The nurse is preparing to irrigate the wound of a 7-year-old client who sustained a laceration while on a playground. Which of the following actions should the nurse take? Select all that apply.
- A. Administer a prescribed analgesic 30 minutes before irrigating the wound
- B. Cleanse the wound from the most contaminated to the least contaminated area
- C. Obtain a 10-mL syringe and a 27-gauge needle
- D. Review the client's vaccination record
- E. Use continuous pressure to flush the wound and repeat until the drainage is clear
Correct Answer: A,D,E
Rationale: Analgesics (A), checking vaccinations (D) for tetanus risk, and continuous flushing (E) are appropriate. Cleaning from contaminated to clean (B) is incorrect, and a 27-gauge needle (C) is too small for irrigation.
You may also like to solve these questions
A client diagnosed with heart failure has an 8-hour urine output of 200 mL. What is the nurse's first action?
- A. Auscultate the client's breath sounds
- B. Encourage the client to increase fluid intake
- C. Report the findings to the supervising registered nurse
- D. Start an IV line for diuretic administration
Correct Answer: C
Rationale: Low urine output (200 mL/8 hr) in heart failure suggests worsening fluid retention, requiring immediate reporting to the RN (C). Auscultation (A), fluids (B), and IV diuretics (D) require RN direction.
The nurse is caring for a client with increased intracranial pressure (ICP). Which statement by the unlicensed assistive personnel would require immediate intervention by the nurse?
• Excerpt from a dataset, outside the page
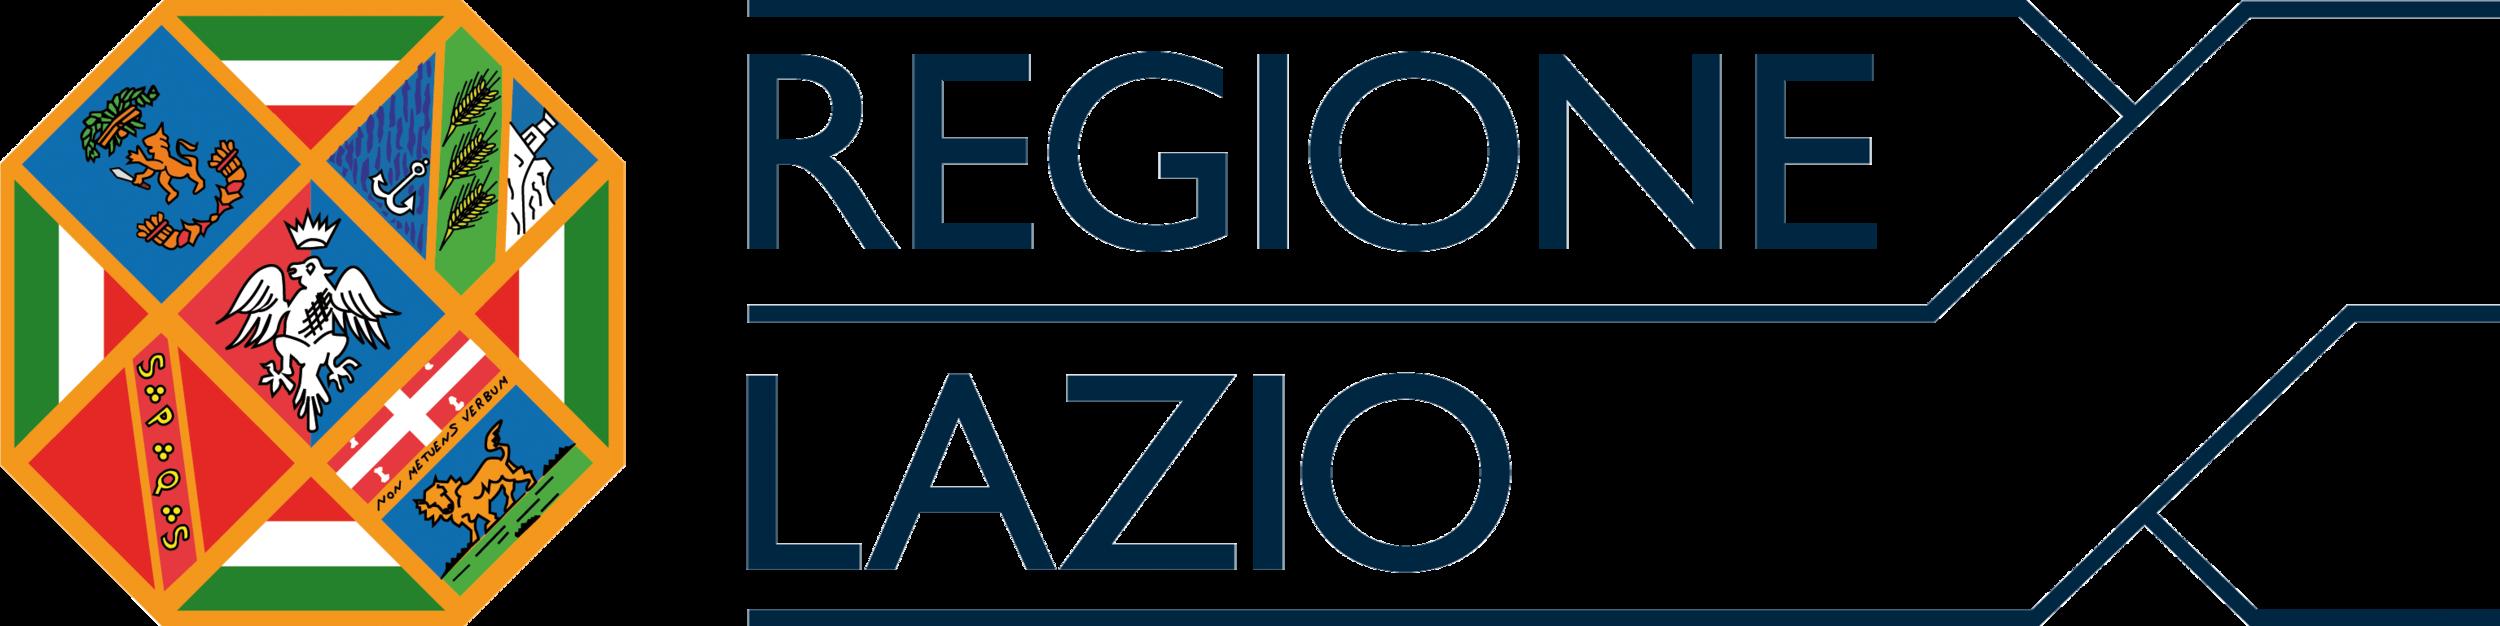 logoRegioneLazio_RGB.png
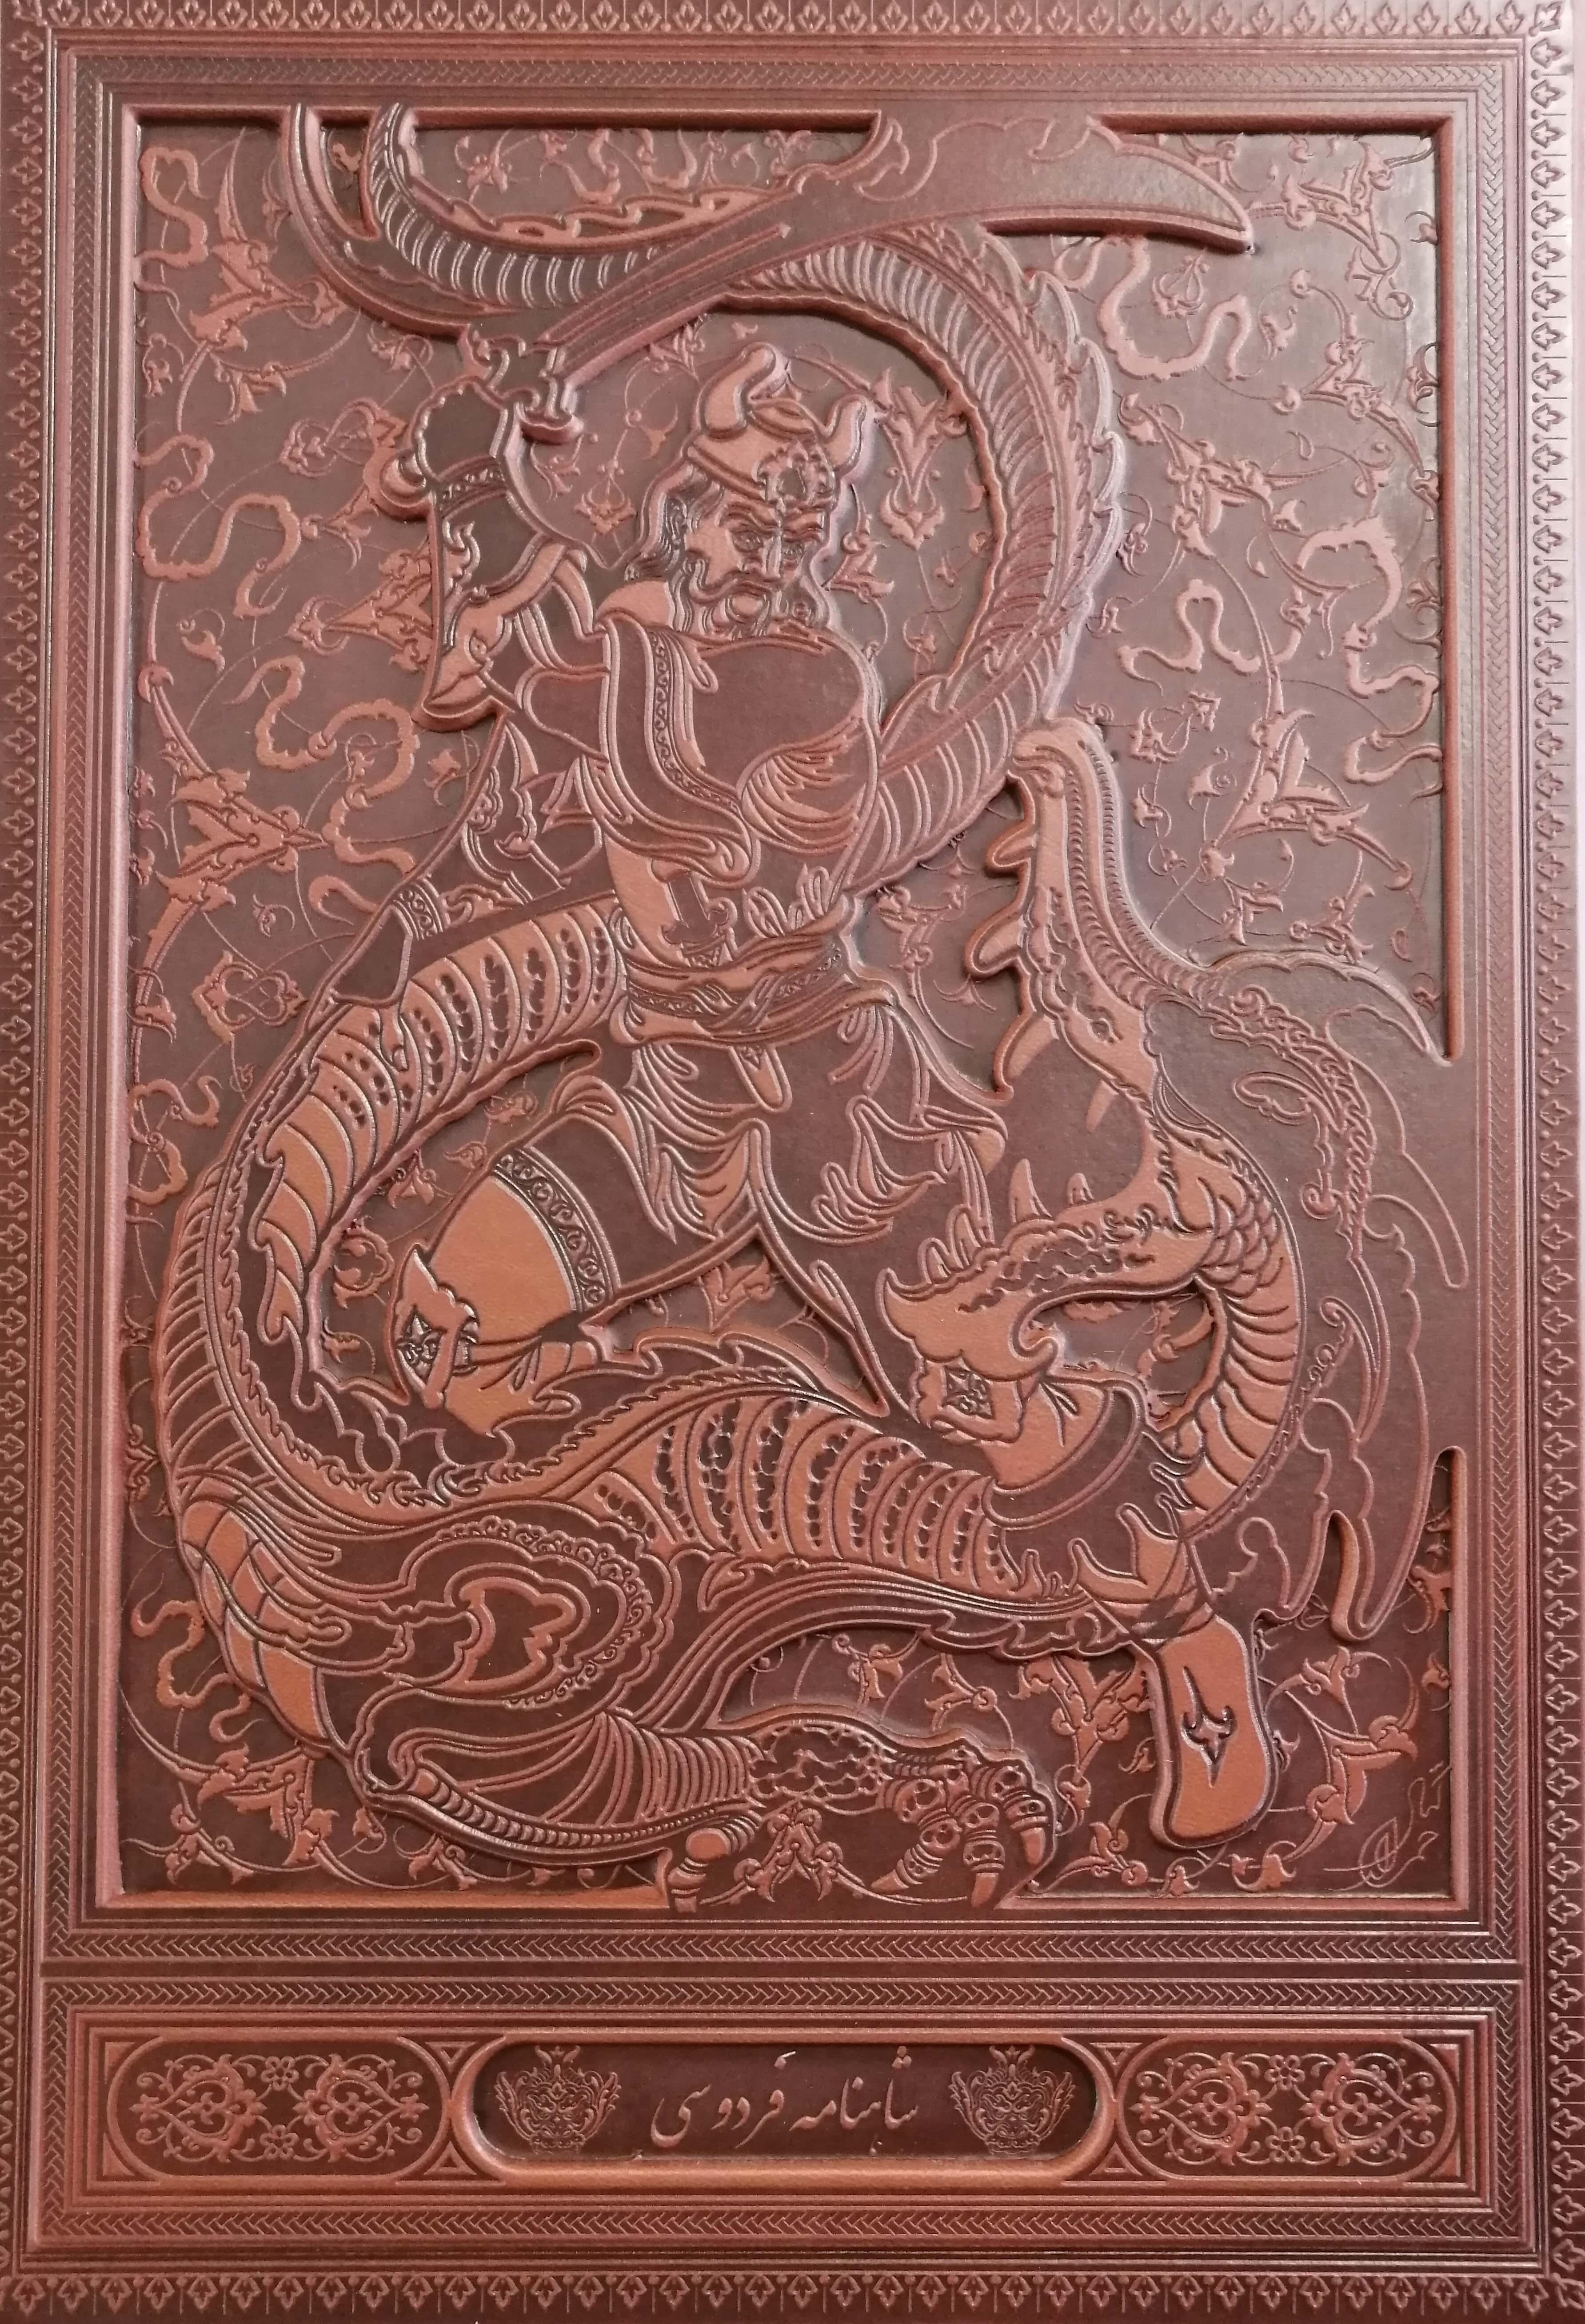 داستانهای شاهنامه فردوسی (گلاسه،باجعبه،چرم،لب طلایی)

- A. I will raise the head of the bed so it is easier to see the television.
- B. I will turn down the lights when I leave.
- C. Let me move your belongings closer so you can reach them
- D. You should do deep breathing and coughing exercises.
Correct Answer: A
Rationale: Raising the head of the bed (A) without medical guidance can alter ICP dangerously. Dimming lights (B), moving belongings (C), and breathing exercises (D) are generally safe or neutral.
A client has been newly diagnosed with hypothyroidism and will take levothyroxine (Synthroid) 50 mcg/day by mouth. As part of the teaching plan, the nurse emphasizes that this medication:
- A. Should be taken in the morning
- B. May decrease the client's energy level
- C. Must be stored in a dark container
- D. Will decrease the client's heart rate
Correct Answer: A
Rationale: Should be taken in the morning. Thyroid supplement should be taken in the morning to minimize the side effect of insomnia.
The nurse has attended a staff education program about administering intramuscular injections. Which of the following statements by the nurse would indicate a correct understanding of the program?
- A. I will insert the needle at a 45-degree angle.
- B. I will wait 3 seconds after injecting the medication before removing the needle.
- C. I will gently massage the injection site after removing the needle.
- D. I will use my hand to displace subcutaneous tissue prior to inserting the needle.
Correct Answer: D
Rationale: Displacing subcutaneous tissue (D) via the Z-track method prevents leakage and irritation. IM injections use a 90-degree angle (A is incorrect), waiting 3 seconds (B) is not standard, and massaging (C) is avoided for some medications.
The nurse is planning an approach to decrease urinary incontinence in an elderly client. Which activity will do the most to help prevent incontinence?
- A. Restrict fluids until continence has been achieved and then hydrate well.
- B. Offer the bedpan at two-hour intervals during the day and every four hours at night.
- C. Encourage the client to ambulate frequently and have the client do deep breathing exercises.
- D. Encourage fluids during the day and offer the bedpan every two hours.
Correct Answer: D
Rationale: Adequate hydration and frequent toileting (every two hours) promote bladder health and reduce incontinence. Fluid restriction or unrelated exercises are ineffective.